When I finally got to the bookmark, I believe it was in there for a reason. This is a paragraph from that page:

“Life can be hard. But the thing is, it moves. Good times pass, but so do bad ones. It seems like the Almighty meant for us to taste it all, one way or another. Maybe more good or bad for some of us, but in time we share it all. Rich, poor, high, low – it makes no difference. Maybe that’s what life’s all about – finding out if we can take it all, and learn, and keep going.”

When I read that, tears started to come. I felt like it was words straight from my Grandpa to me. And, also, it made me think that this passage brought HIM comfort. I have a passage in one of my favorite books that I keep a bookmark in so I can read it easily, and I like to think that this was the same for him.

The last six months I have heavily studied the words from October General Conference. And I can’t tell you how many times it felt like it was a conference 100% directed to me. So many of the talks I would read exactly when I needed them. I would also listen to them as I got ready for the day. I read and listened to them so frequently that the words have been imprinted on me. Phrases come to my mind, right when I need them, and it has been such a comfort.

And there have been several wonderful people that have been so kind to me. As I said earlier, the battle in my head of feeling so alone and different from everyone else was difficult, and people have reached out to me when I have really needed it.
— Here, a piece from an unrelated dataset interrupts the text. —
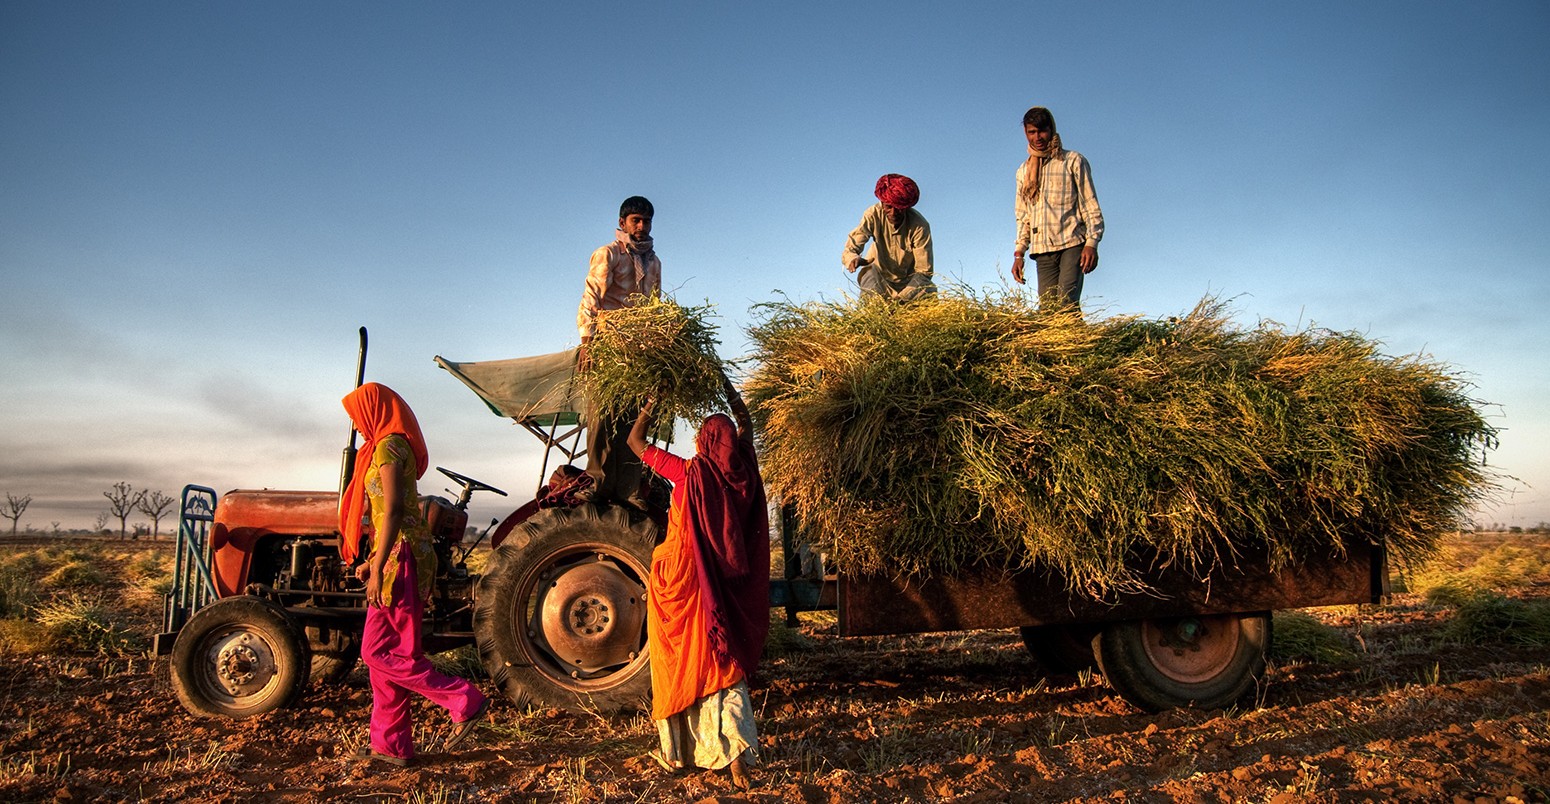 Family harvesting crops in a field, near Jaipur, India.

I am grateful for the encouraging calls from family, cards and flowers from my sisters, and packages and texts from friends. Your kindness to me, during this time in my life, I will never forget. You have inspired me and I hope and pray to be that kind of person to others that many have been to me.
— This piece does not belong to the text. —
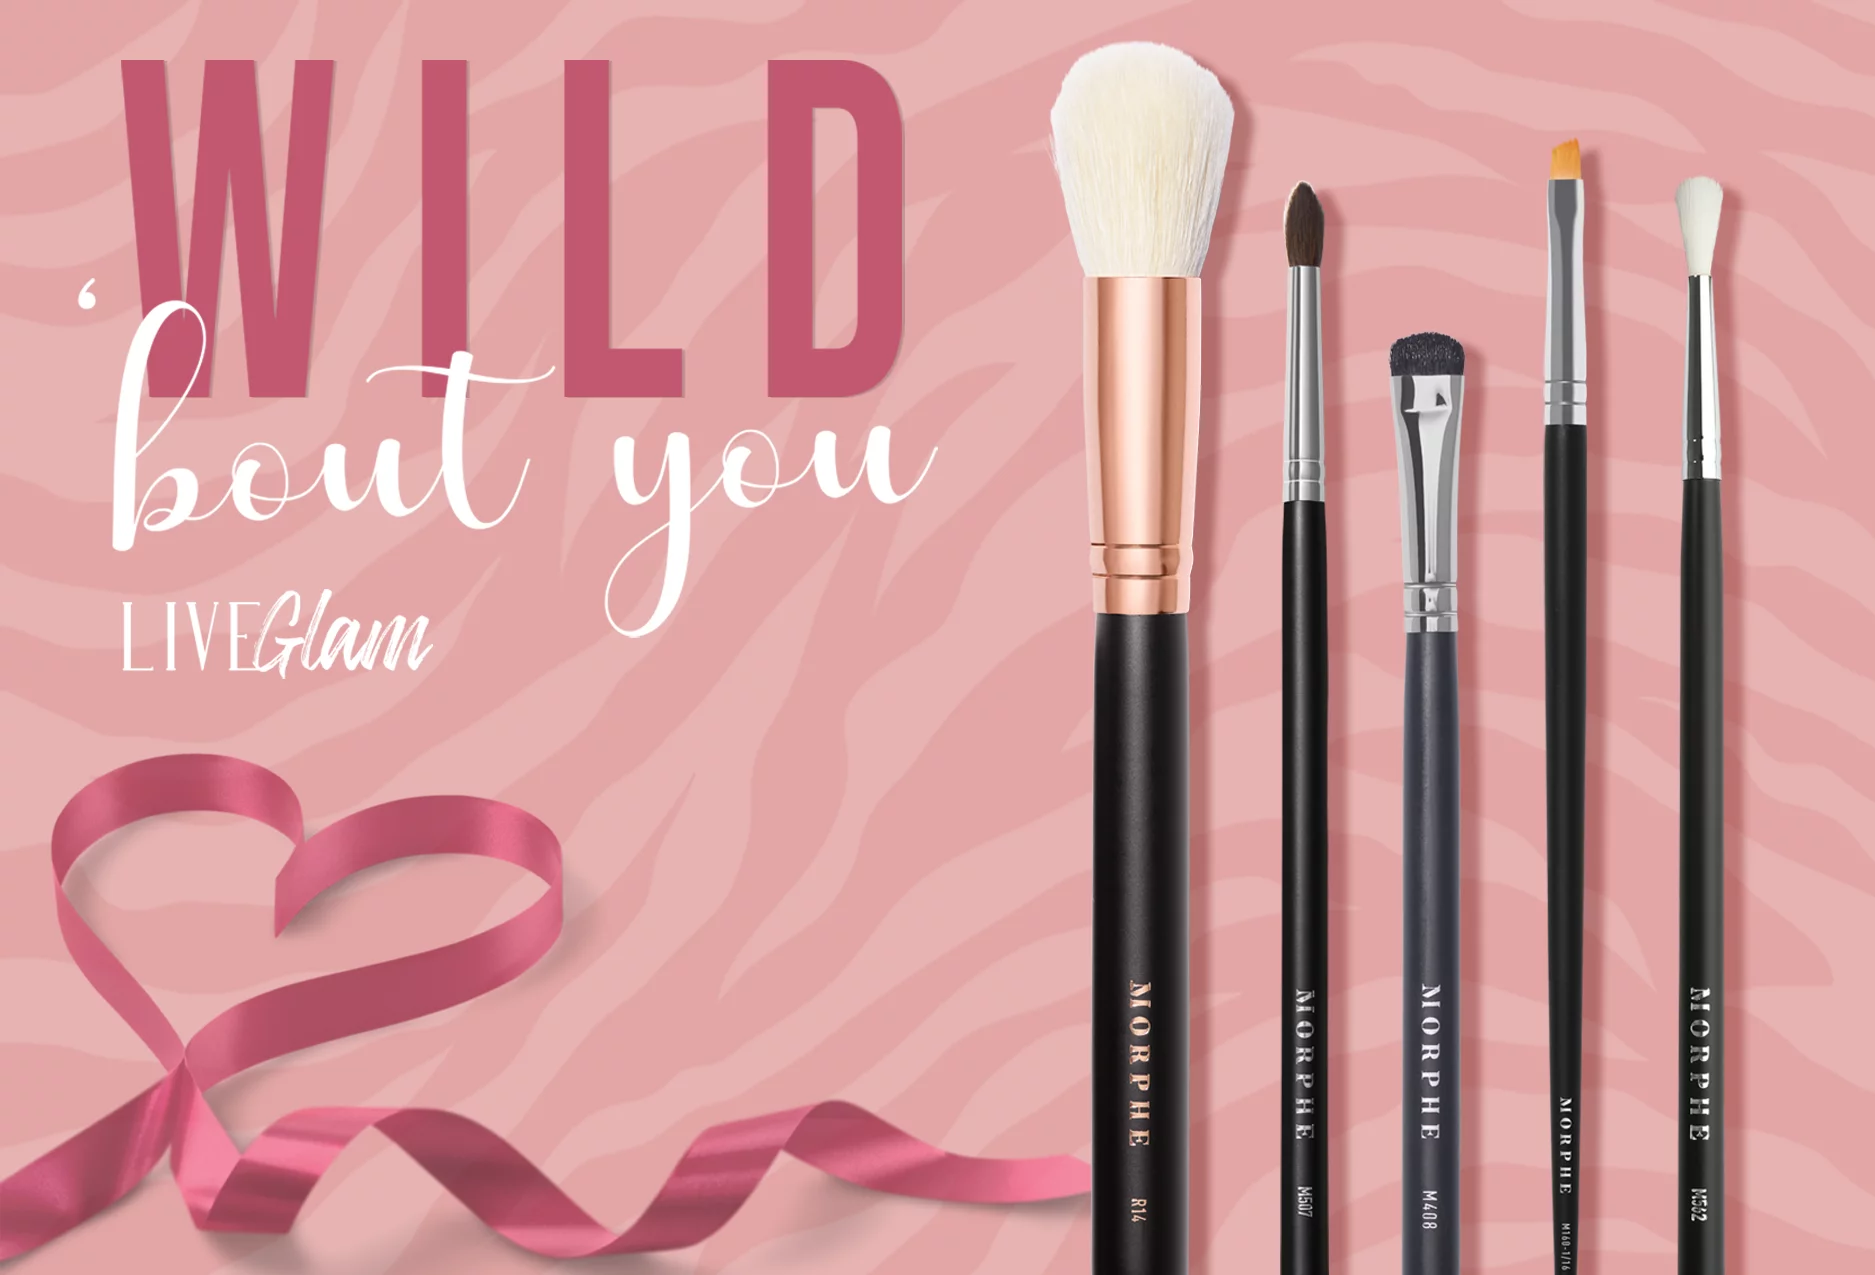 Last Chance To Get February 2021 Brush Club: Wild ‘Bout You

Mark and I went into our appointment so overwhelmed. But ever since the words came out about Lydia’s diagnosis I have been incredibly calm. I feel peace. A deep peace. I feel like my heart and spirit have been entirely engulfed and filled with this assurance that it is all in His hands. Our sweet Lydia is special. Ever since she was itty bitty, I would sometimes find myself calling her “my little angel”. I had never called any of our other children that. And the last couple months when those words would slip out – I actually didn’t like – because of this intense desire to keep her here with me – I didn’t want her to be my little angel. But last night, I found the words slip out again and it didn’t make me feel like taking it back and it didn’t make me feel bad. She IS our little angel. She is our earthly angel who has blessed {and will continue to bless} our lives tremendously. She makes us all want to be better. It is hard to be upset when you are around such goodness and purity. I am humbled to be her mother. I feel inadequate a lot and more than once feel like the Lord overestimates my abilities, but one thing I know I can do is love Lydia. And I will love her forever.